The union is genuinely ragged — neither a rectangle nor a strict nesting. Over the (dataset, sim) cells:

  sim:    1   2   3   4   5   6  ...  15
  boron   ■   ■   ■   ■   ■   □  ...  □      ■ shared (coarse + dense)
  cadmium ◆   ◆   ◆   ◆   ◆                  ◆ coarse-only
                          └── □ dense-only (boron, sim 6:15) ──┘
  • boron sims 1–5 are shared — built once and read by both members; their fit/hc tasks merge both nrow sweeps ({5,10,20}{8,12,16}).
  • cadmium stays coarse-only; the refinement never touches it.
  • boron sims 6–15 are the dense-only zoom.
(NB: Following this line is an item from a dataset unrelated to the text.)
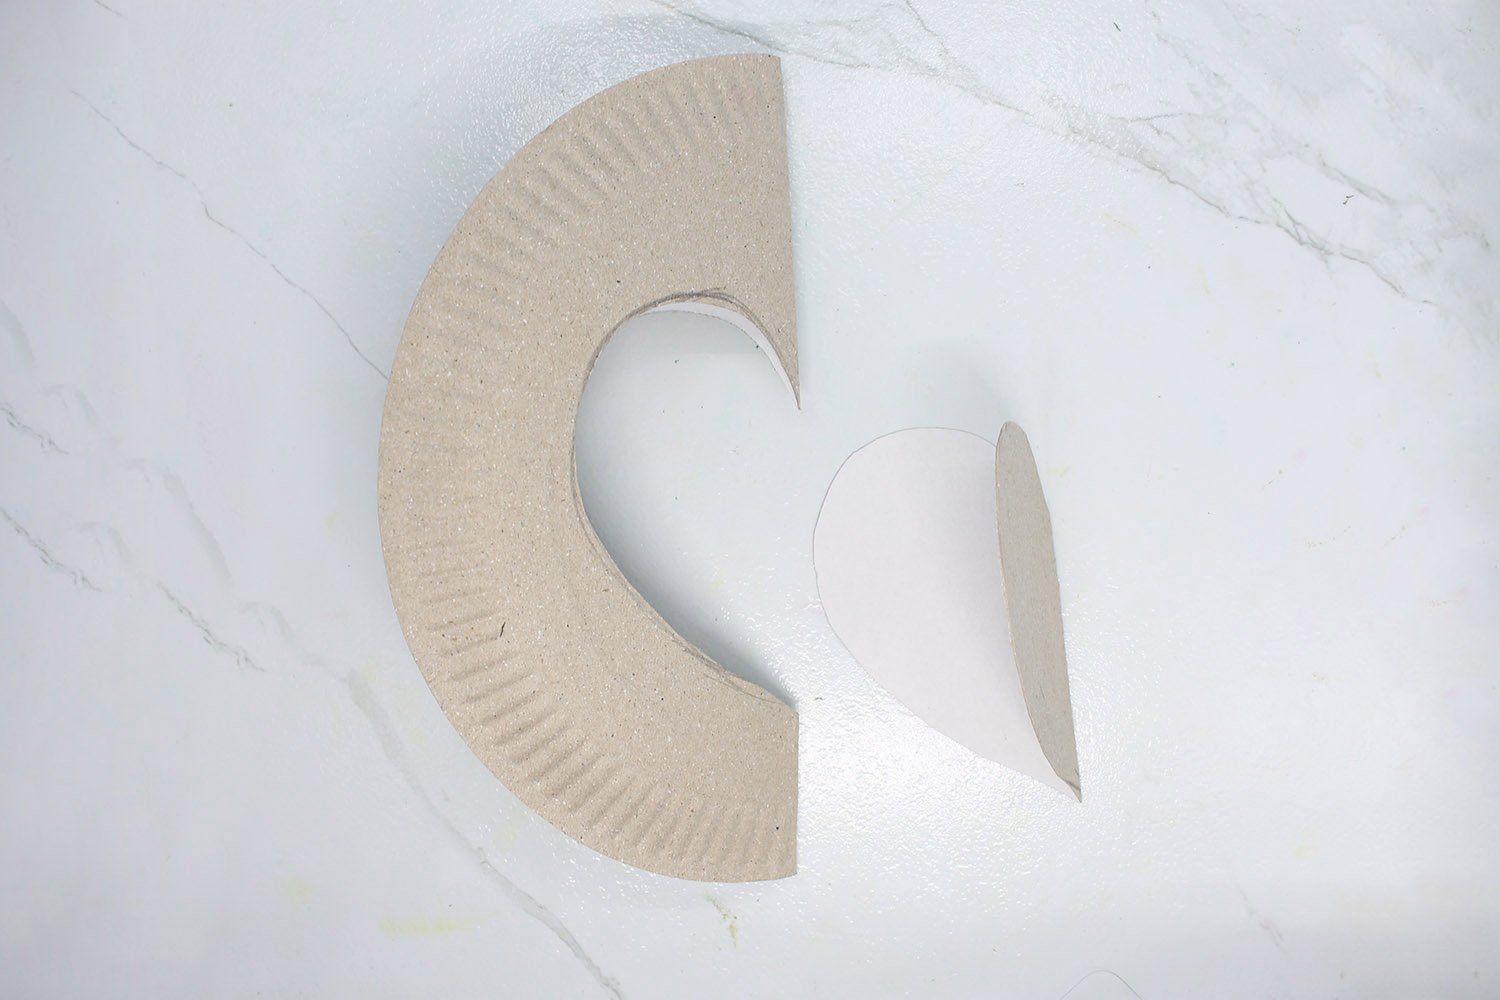 How To Make a Paper Plate Heart - Step 04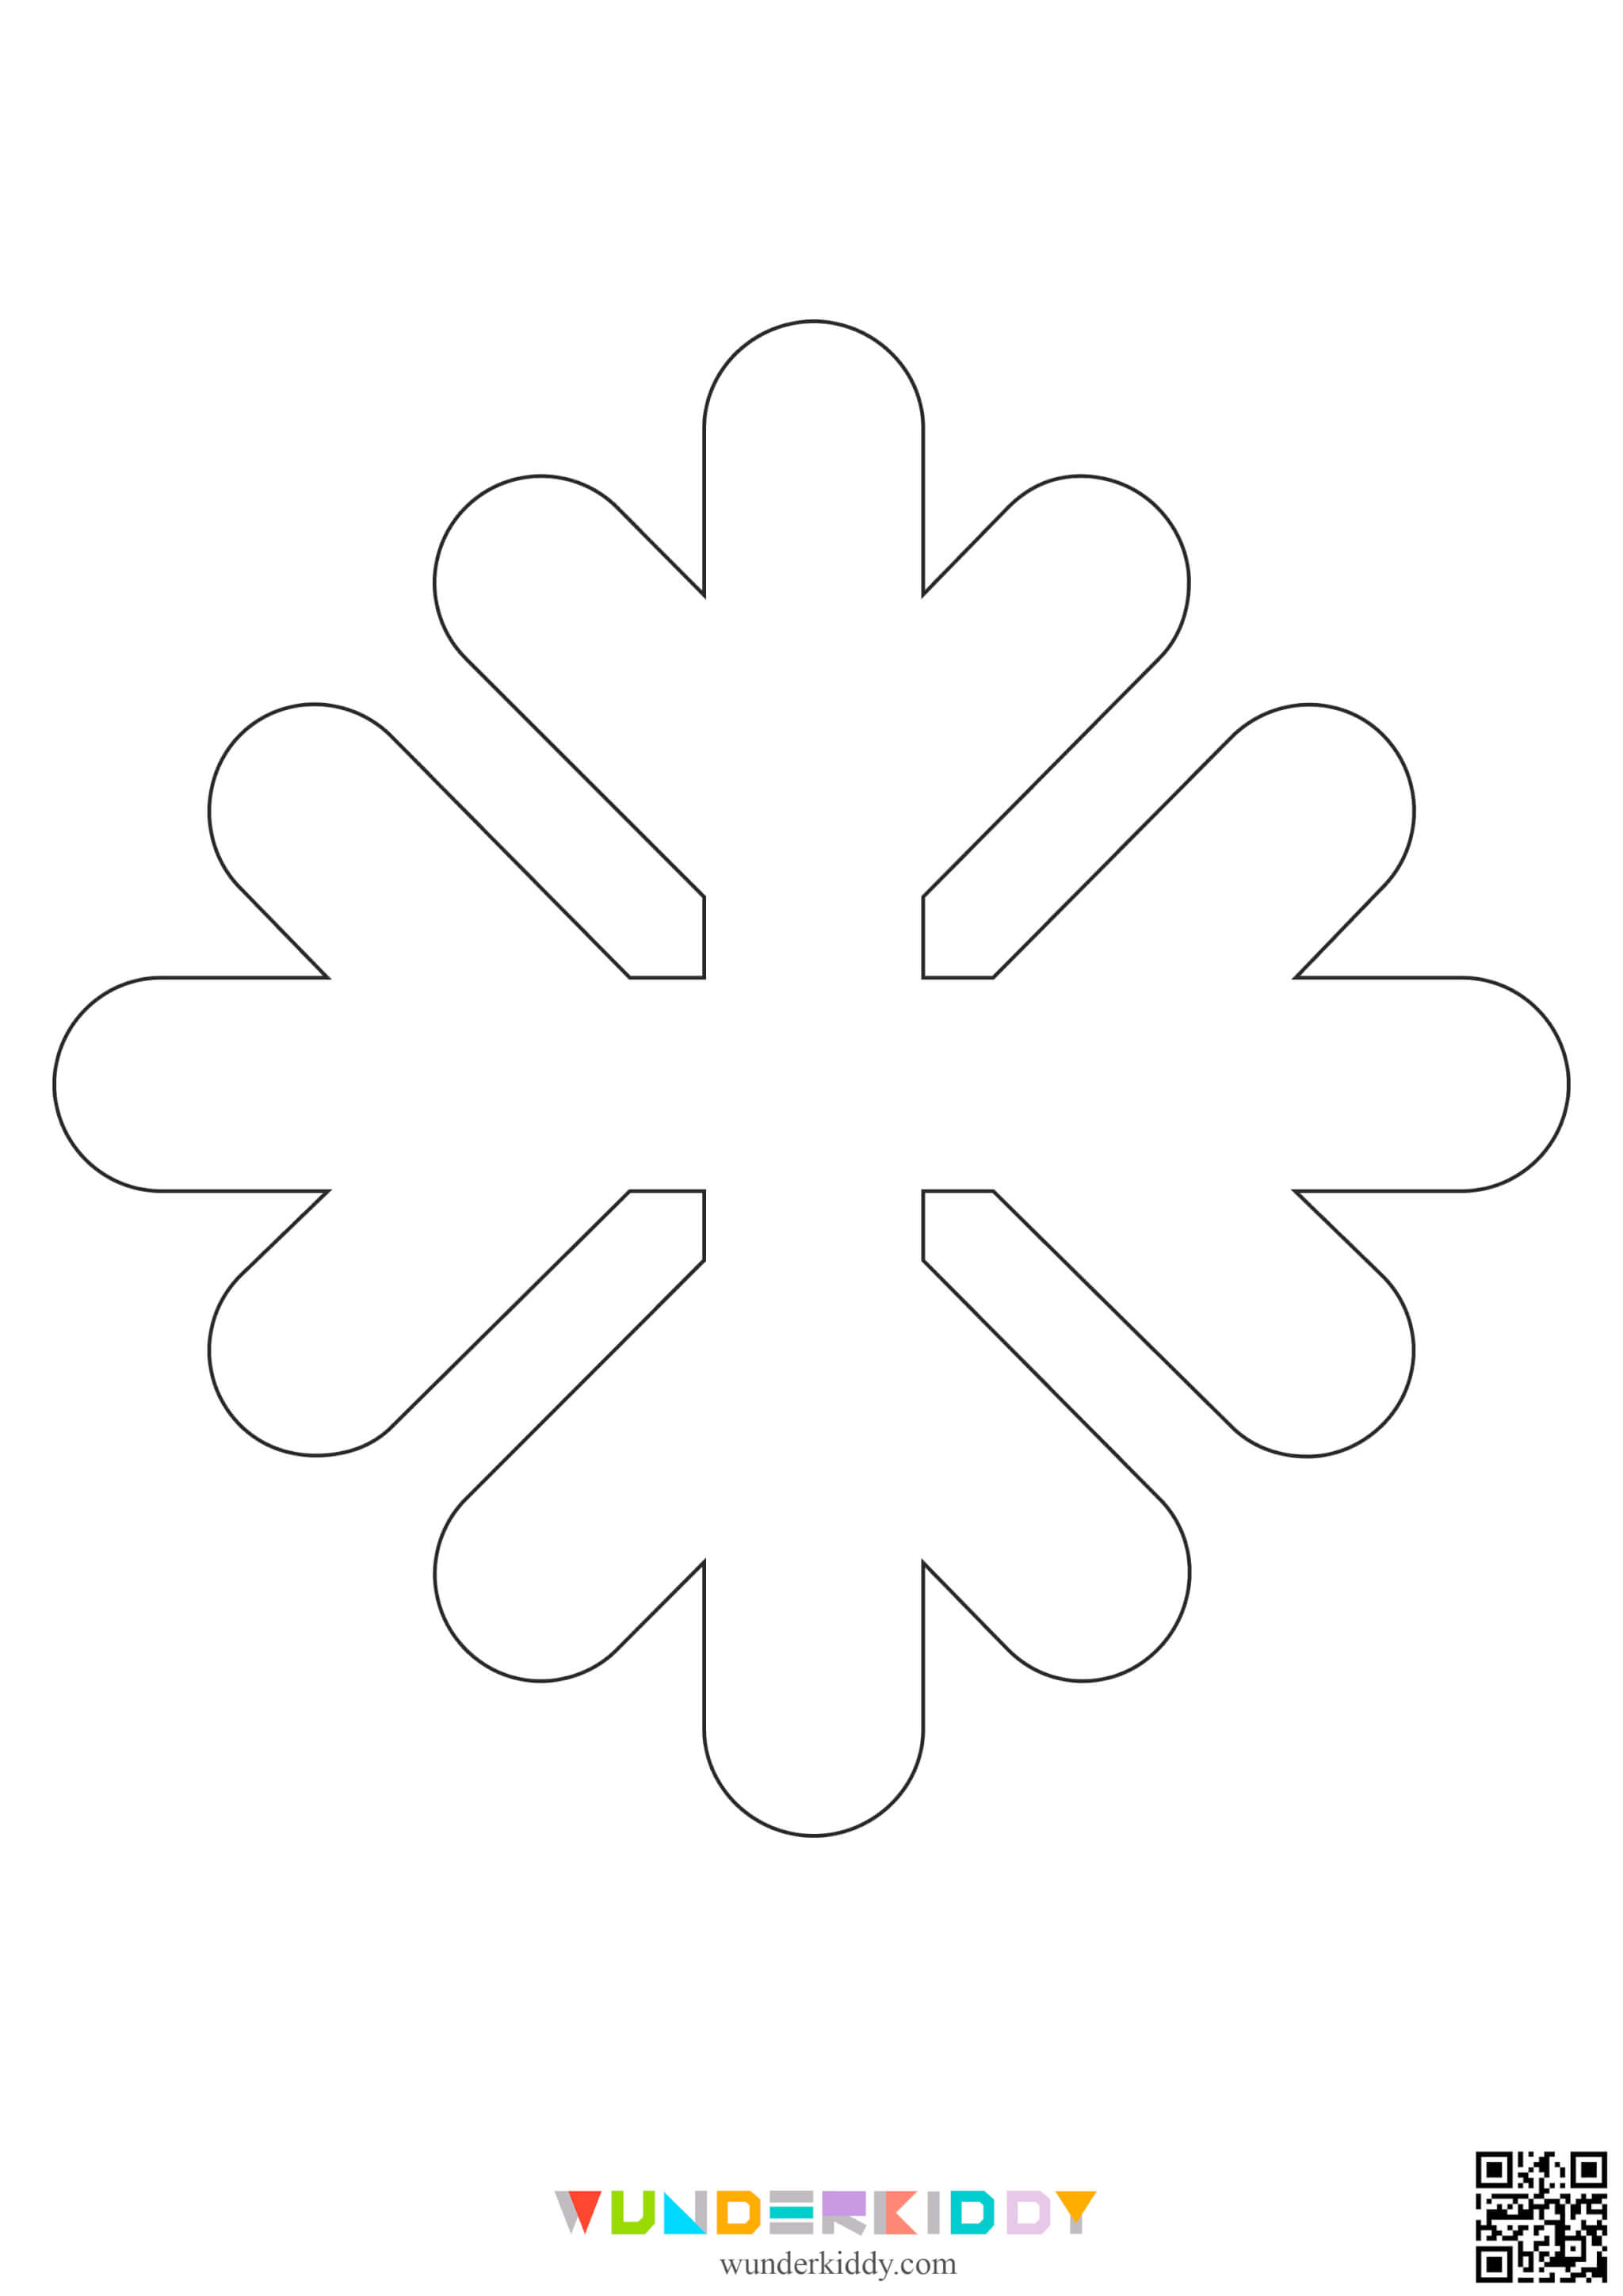 Snowflakes Template - Image 7

A single scenario could not express this without computing the full {boron, cadmium} x sim 1:15 x {5,8,10,12,16,20} cross-product — most of which you never wanted. Re-running tar_make() builds only the genuinely new cells; the shared boron 1–5 stay cached.

The combined results/summary.parquet carries a scenario column ("coarse" or "dense"), and each member’s rows are filtered to exactly its own cells — ready to plot the broad sweep and the zoom together.

Notes

  • Consistency contract. ssd_design() requires that a name means the same thing across members: the same dataset name must bind identical data, the same min_pmix name the same function, the same distset name the same members, and partition_by must match. This is what makes sharing a cell across members sound. Inconsistent bindings abort at construction.
  • Varying the seed. Members may use different seeds (e.g. repeating the whole exploration under several master seeds); they land under separate seed= trees and share nothing. Members sharing a seed share their coincident cells (common random numbers).
  • Keep nrow_max uniform. nrow_max is a sample draw-size guard, not a comparison axis; differing or changing it across members is undefined behaviour for shard sharing.

See “Running a Sharded Pipeline” for the shard/results layout a design builds on.